The Equal Employment Opportunity Commission’s (“EEOC”) Employer Information Report EEO-1 (“EEO-1”) has long been a governmental tool to gather data from large employers (100+ employees) on employees’ gender, race/ethnicity, and job category. In 2016, the EEOC issued a proposed rule that expands the scope of EEO-1 to include W-2 wage information and total hours worked for all employees within 12 identified pay bands for the purpose of identifying pay disparities. This caused much consternation in the business world, and many employers challenged the validity of linking W-2 wage information to an alleged pay disparity without accounting for the myriad reasons why W-2 gross income may be affected for nondiscriminatory reasons.
Although there was significant pushback, the revised EEO-1 requirements were adopted and were set to become effective on March 31, 2018. But the Trump Administration intervened through the Office of Management and Budget, staying implementation of the revised EEO-1 on the basis that the data collected would be of limited utility, would be over burdensome to collect, and would invade people’s privacy.
The National Women’s Law Center and the Labor Council for Latin American Advancement filed a lawsuit challenging the OMB’s stay of revised EEO-1, and on March 4 of this year, a district judge in Washington, D.C. ruled that the OMB acted arbitrarily and capriciously in the way it handled the stay. This ruling thus effectively reinstates the EEO-1 pay data requirements.

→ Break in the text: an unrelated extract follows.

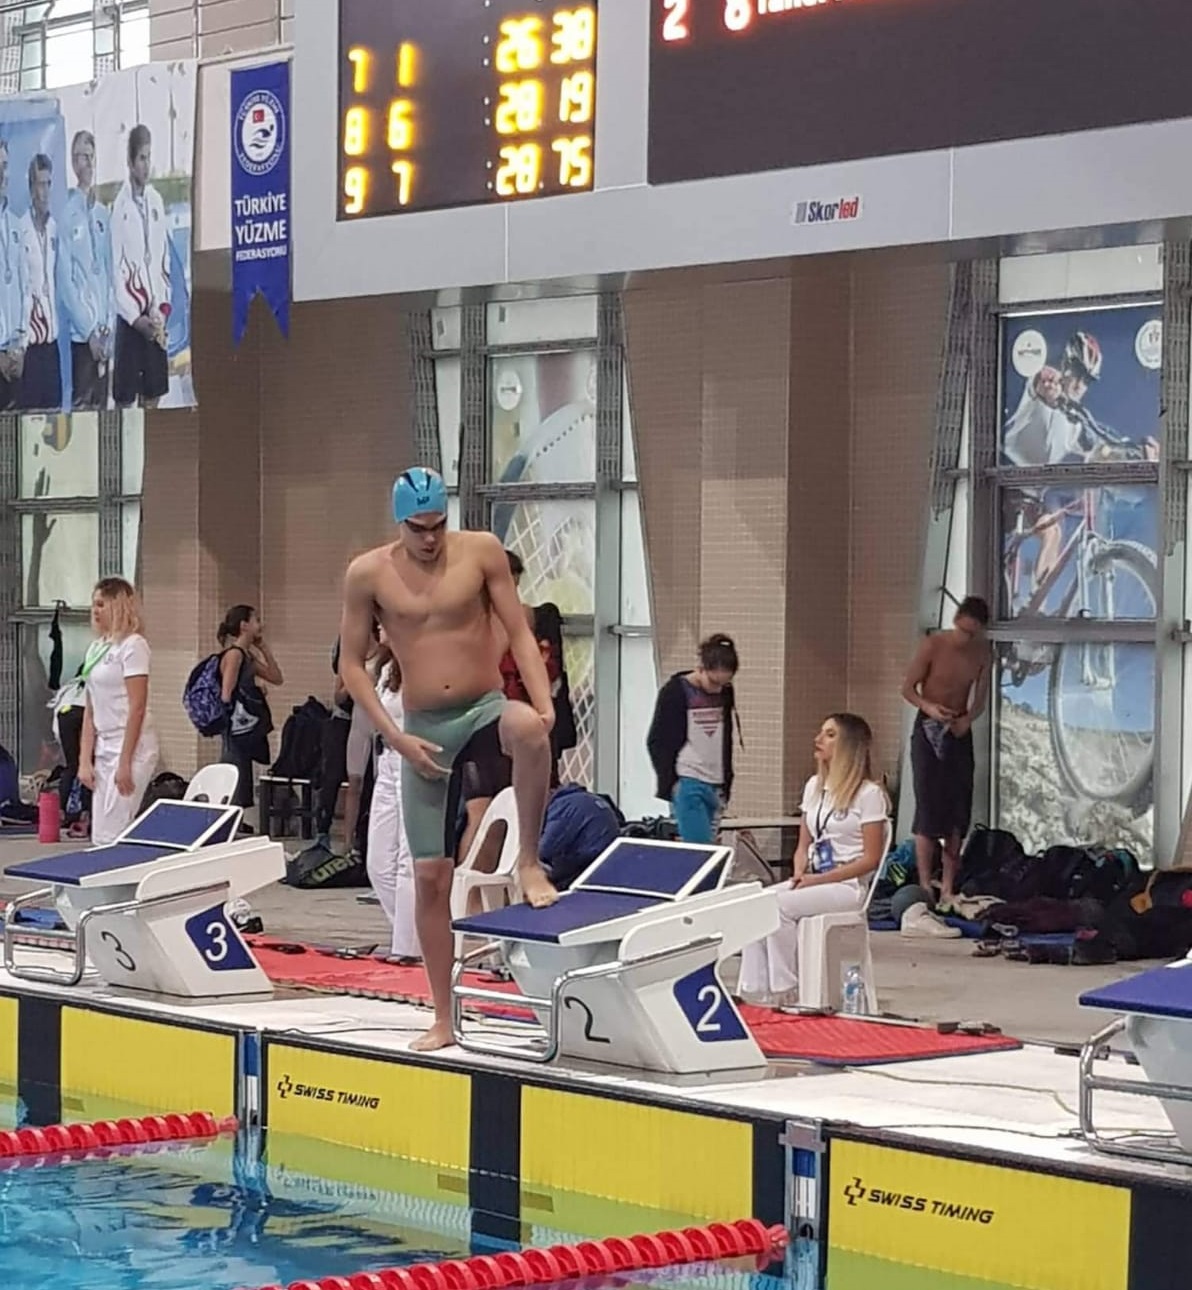 Record News from Near East University Swimmers Doğukan Ulaç and Emre Ersoy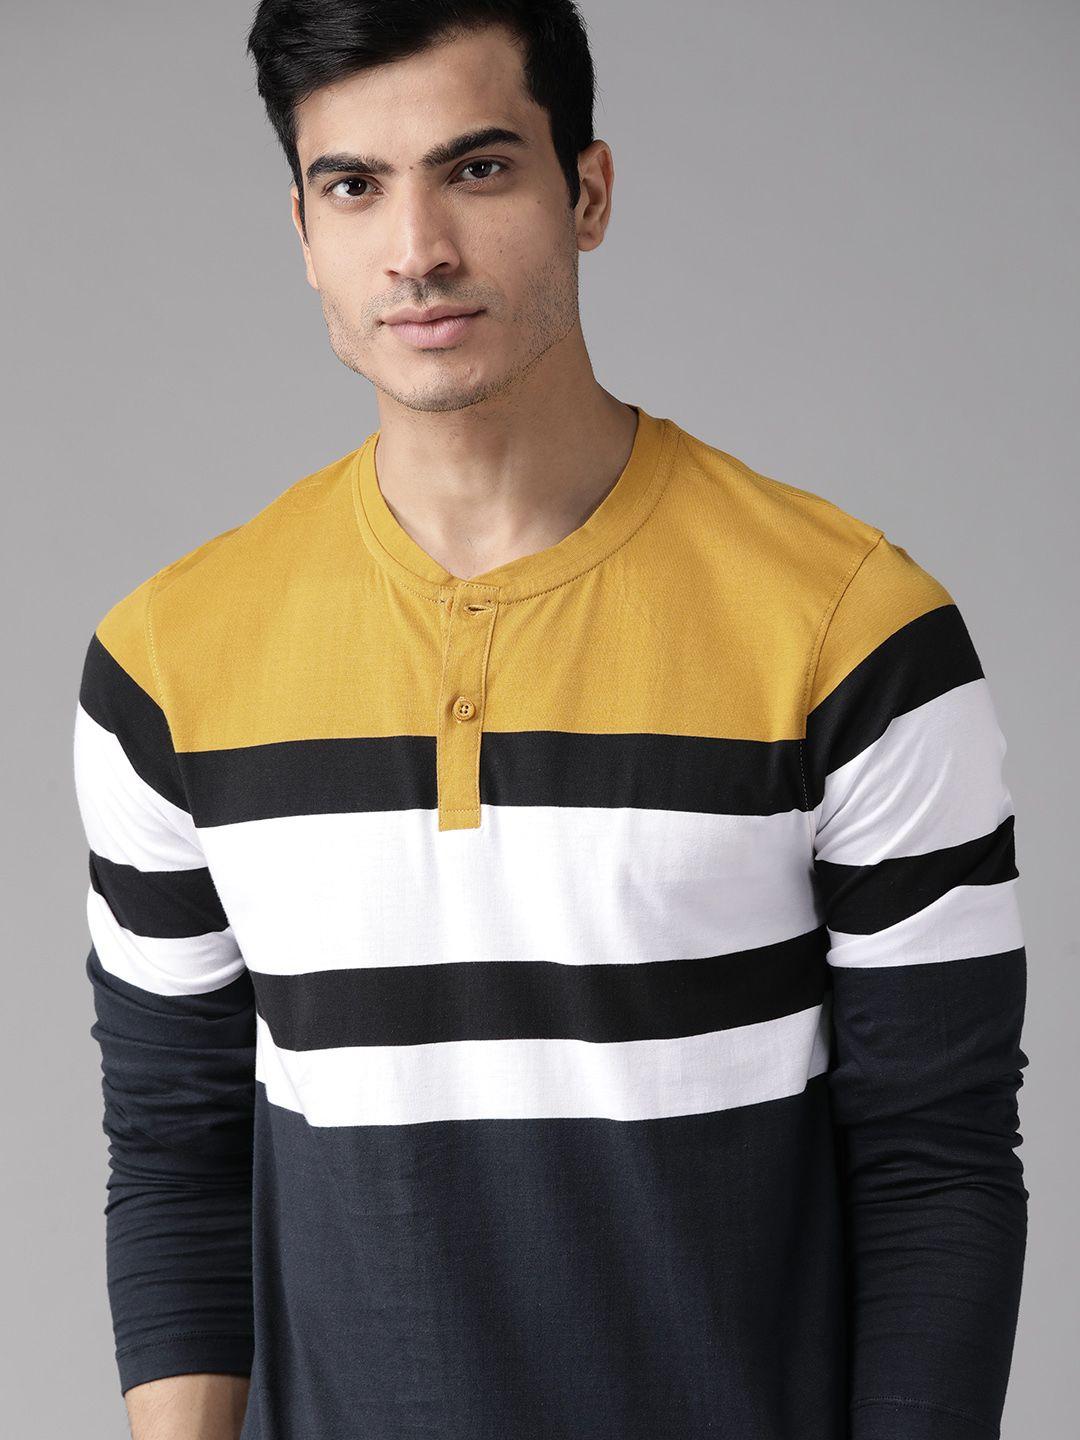 the roadster lifestyle co men navy blue & white striped henley neck t-shirt

The problem, however, is that the EEOC was not prepared for such a ruling to be issued 12 weeks before an already extended May 31, 2019 filing deadline for 2018 data. Many employers have already prepared their 2018 data, and the EEOC’s reporting portal is not currently set up to collect pay data. Although the federal court recently required the EEOC to state its position on collecting pay data for the 2018 filing year by April 3, 2019, it is unclear whether the EEOC will forego pay data for 2018 given the short remaining filing window, or will require employers to provide pay data (possibly by further extending the filing deadline). It is also likely that the Trump Administration will appeal the federal court decision.
As an employer, what can or should you do? There are really two options: 1) take a “wait and see” approach and prepare the 2018 data without pay information; or 2) be proactive and begin collecting the pay data along with the other EEO-1 requirements. Although it is possible that the EEOC will forego the pay data requirements for the 2018 reporting year or that an appeal would forestall any pay data reporting requirement for 2018, there is a reasonable chance that pay data will be required for 2018. Thus it will be beneficial for employers to begin collecting this data as soon as possible to avoid a rush that would occur if an employer takes a “wait and see” approach then has to file at the last minute, particularly if the EEOC requires pay data but does not extend the filing deadline.
The proactive approach also offers additional benefits. First, this would allow employers an opportunity to develop and hone pay data collection processes that may be used in later reporting years in the event the district court decision is upheld on appeal. Second, being proactive now will give employers insights into any potential real or perceived pay disparities that may exist (regardless of whether the EEO-1 pay data requirement is upheld). As evidenced by the lawsuit challenging the OMB’s stay, several advocacy groups believe in the validity of W-2 wage information as a marker of pay disparities. It is likely that similar type arguments will be made in court or before the EEOC. Although they may not gain traction, it would be of value for employers to at least have some idea of whether W-2 pay data gives the appearance of a pay disparity and, if so, to take the time to identify the reasons why that appearance is not correct. Or, alternatively, if a real pay disparity is identified, the employer could take action to equalize the pay.
The Bottom Line for Employers:
Large employers should monitor the forthcoming decisions from the EEOC (and possibly the court of appeals) as to whether and when 2018 pay data must be produced to the government. In the meantime, large employers must decide whether to begin collecting and processing data. Of course, this proactive approach takes time and money to collect and analyze pay data and may, ultimately, prove unnecessary. There is certainly an appeal to the wait and see approach for that very reason—it requires no additional effort beyond what will definitely be required. Ultimately, each employer will have to decide the best approach for its unique circumstances, and should consult with legal counsel if there are any questions.